Roundtable: High Blood Pressure

Experts Talk About: Drug Side Effects

Dr. Roccella: Many visitors to Sister to Sister's website are, of course, women and may have some questions about how blood pressure drugs might interfere with hormones. For example, should women who are taking contraceptives or those who are undergoing hormone replacement therapy be concerned?

Dr. Black: For the most part, blood pressure drugs have been carefully looked at and they don't interfere substantially with any major hormonal functions. However, there are a few exceptions. Some drugs increase calcium absorption, like diuretics. And there are drugs like spironolactone, which is another type of diuretic, that have some hormonal influences. Women who are thinking of getting pregnant or who are already pregnant should not use drugs like ACE inhibitors, or angiotensin receptor blockers.

Dr. Roccella: So Nancy, should women who are contemplating starting a family talk to their doctors if they are on the kinds of drugs Henry is talking about?

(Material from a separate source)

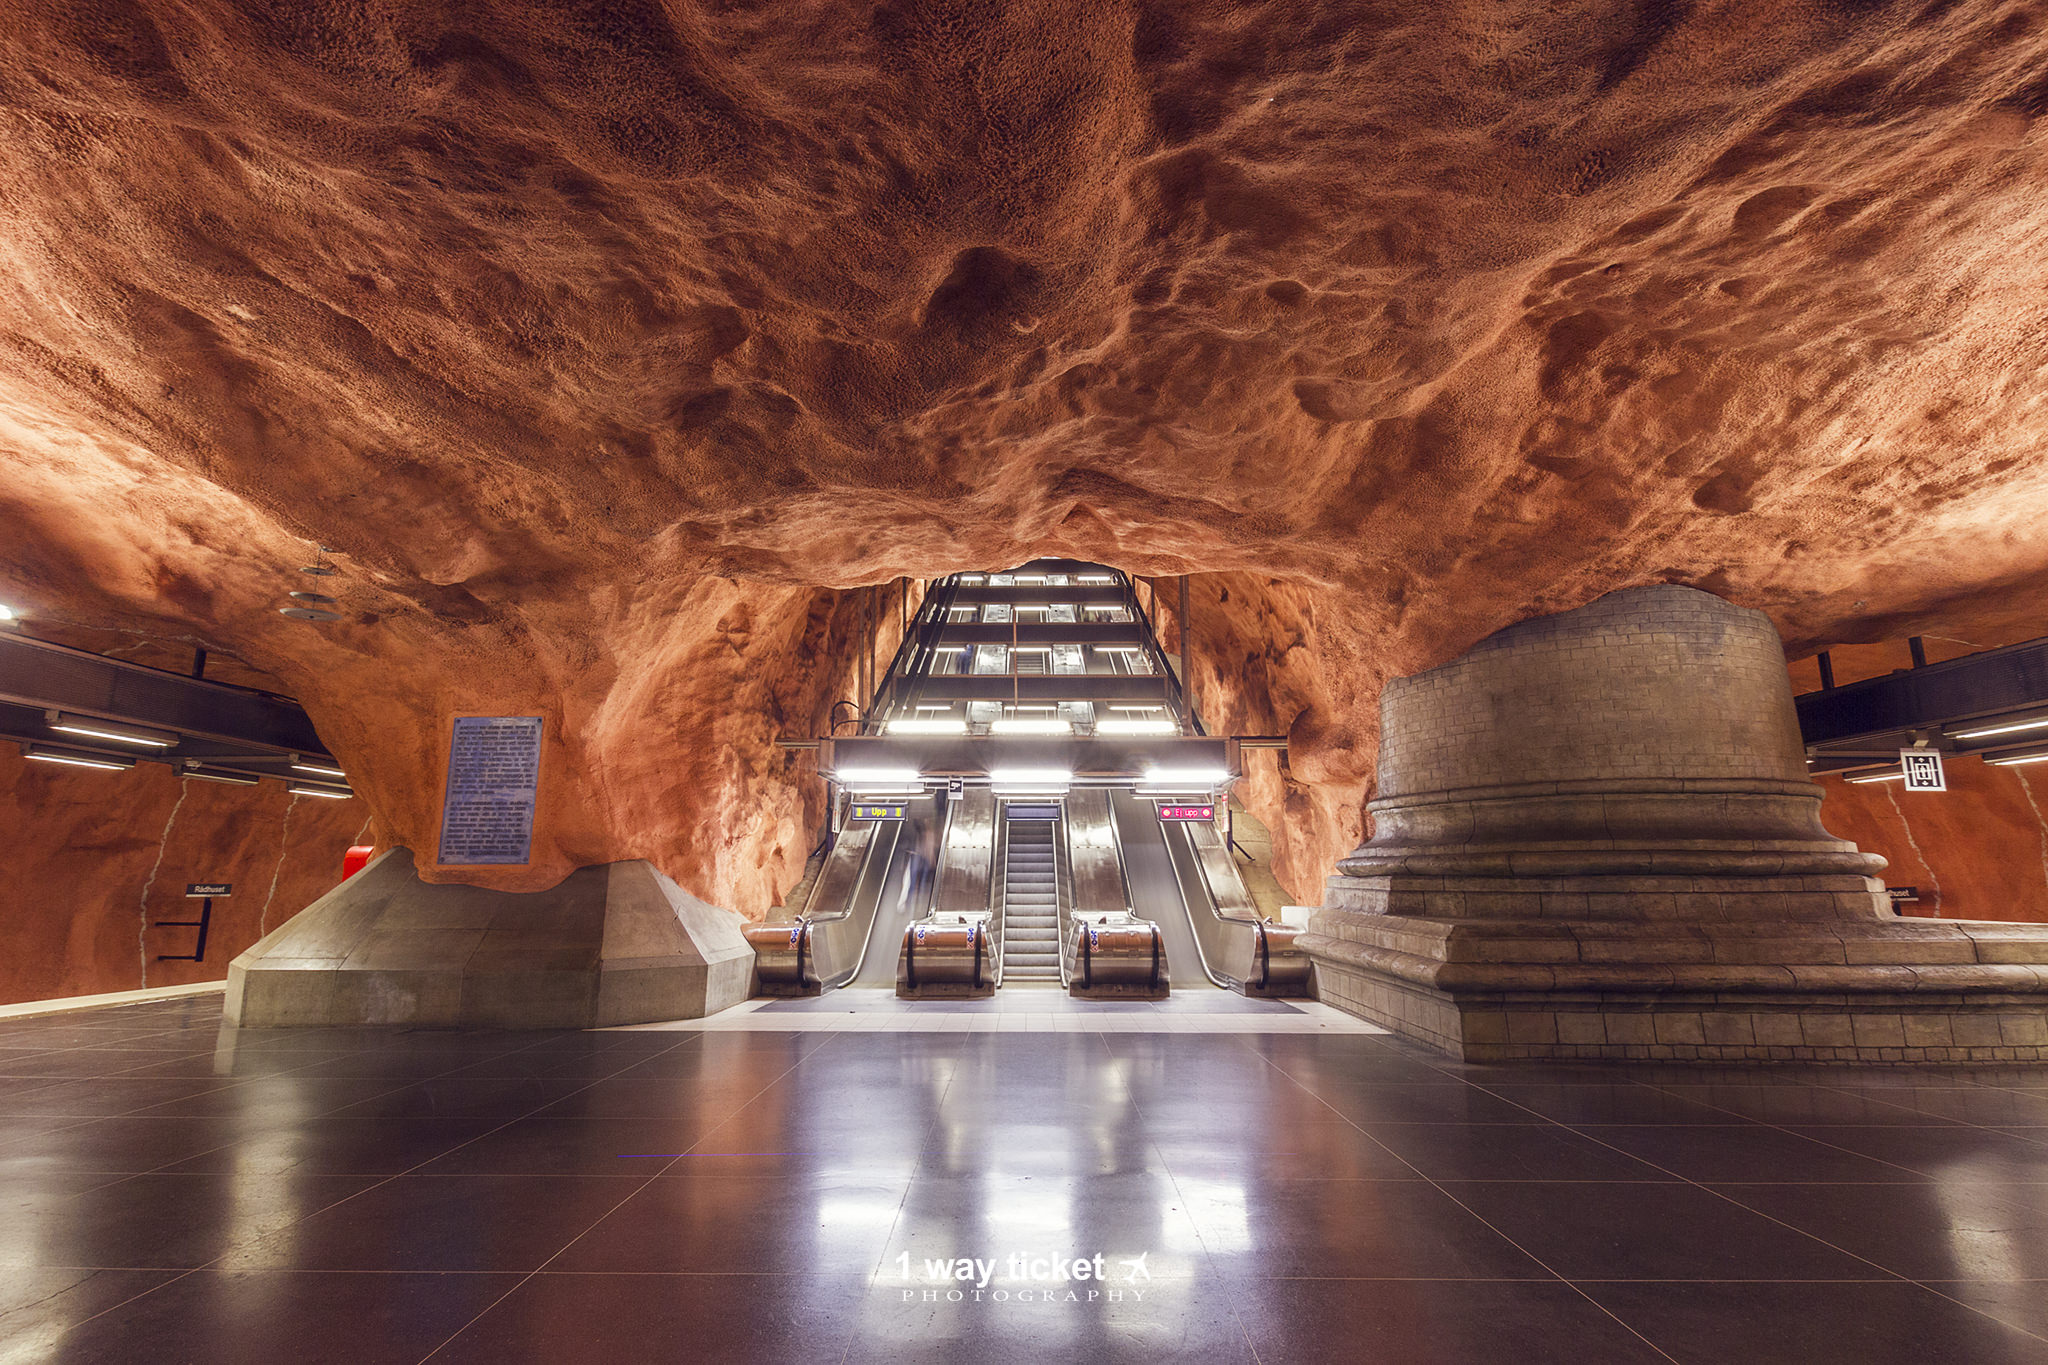 Rådhuset tunnelbana metro stairs art underground photography stockholm

Ms. Houston Miller: I think it is important for physicians to know which medicines people are taking, and it's important to discuss the need for coming off those medicines if necessary during pregnancy.

Dr. Roccella: What kinds of side effects from blood pressure drugs do we usually see?

Dr. Black: We have a hierarchy of the drugs from the best tolerated down to the ones that are least tolerated, and I will try to focus on issues that I think are problems for women.

Drugs like angiotensin receptor blockers seem to be the best tolerated, and when we compare these to placebos it is very hard to see any difference in the complaints. Drugs that are called dihydropyridine calcium antagonists -- examples would be nifedipine and amlodipine and felodipine -- tend to cause edema, or swelling in the ankles. That is a particular problem for women. This is a dose-related issue that can be generally be dealt with by reducing the dose.

Drugs like diuretics can lower potassium, they can initiate gout in some people, and they can also cause some metabolic changes that can be an issue.

If you have diabetes, beta blockers and diuretics can make it hard to deal with. Alternatively, ACE inhibitors and angiotensin receptor blockers may actually improve the status of people with diabetes, especially with protein in the urine. And there are sympathetic blocking agents, which are drugs that work in the brain or the nervous system and can make you fatigued and tired, and so those are the things that some people have to deal with.

One of the things that I think is important, at least I've begun to realize it lately, is that a lot of the side effects we used to blame on drugs -- like nonspecific nausea, vomiting, fatigue -- we also see these problems in the study volunteers given placebo and so we attribute the problems to the placebo. And when we use very well-tolerated drugs like anagiotensin receptor blockers and ACE inhibitors, they may actually lower the rate of those side effects. So hypertension may not be asymptomatic after all. Some of the things that people used to tell us that we did not think were related to the condition, may well be.

Ms. Houston Miller: The other thing that I think is important for people to realize is that we are using some medicines that have side effects, such as diuretics, at much lower doses now than we did several years ago. If we can use these medicines at low doses and we combine them with others, we see fewer side effects.

Dr. Roccella: So you are telling me that patients shouldn't have to tolerate the side effects of blood pressure medication? That they should talk to their doctors about them and things can be done?

Dr. Black: They can conditionally be done. I think it is very important that the lines of communication be open; that you can say what's on your mind and your doctor or nurse is prepared to answer and work with you to find the best regimen. There are times, though, when you may have to tolerate some medication side effects because the consequences of not getting your blood pressure treated may be even more devastating.

Ms. Houston Miller: The other important thing along those lines is to make sure that, if at all possible, people don't just stop taking their medicines to avoid side effects. As Dr. Black has said, people need to have an open communication with their health care providers. Just knowing that we have somewhere between 100 and 150 regimens to consider, really increases the opportunity to get people on medicines that will control their blood pressure and without causing discomfort.

Dr. Roccella: What can you tell us about side effects like sexual dysfunction? We've seen studies that it is a barrier to controlling blood pressure because people stop taking medicines that are associated with this effect.

Dr. Black: I think the issue is much more out in the open than it was a decade ago, and one thing that is being appreciated is that ED, erectile dysfunction, and ED, endothelial dysfunction, go together. So a lot of the things that people used to blame their antihypertensives for are actually a function of their blood pressure and its effect on the tissues that line the arteries. We need to work hard to prevent that damage from happening early on, and appreciate that if you tell me that you do have problems with erectile dysfunction it can sometimes be reversible.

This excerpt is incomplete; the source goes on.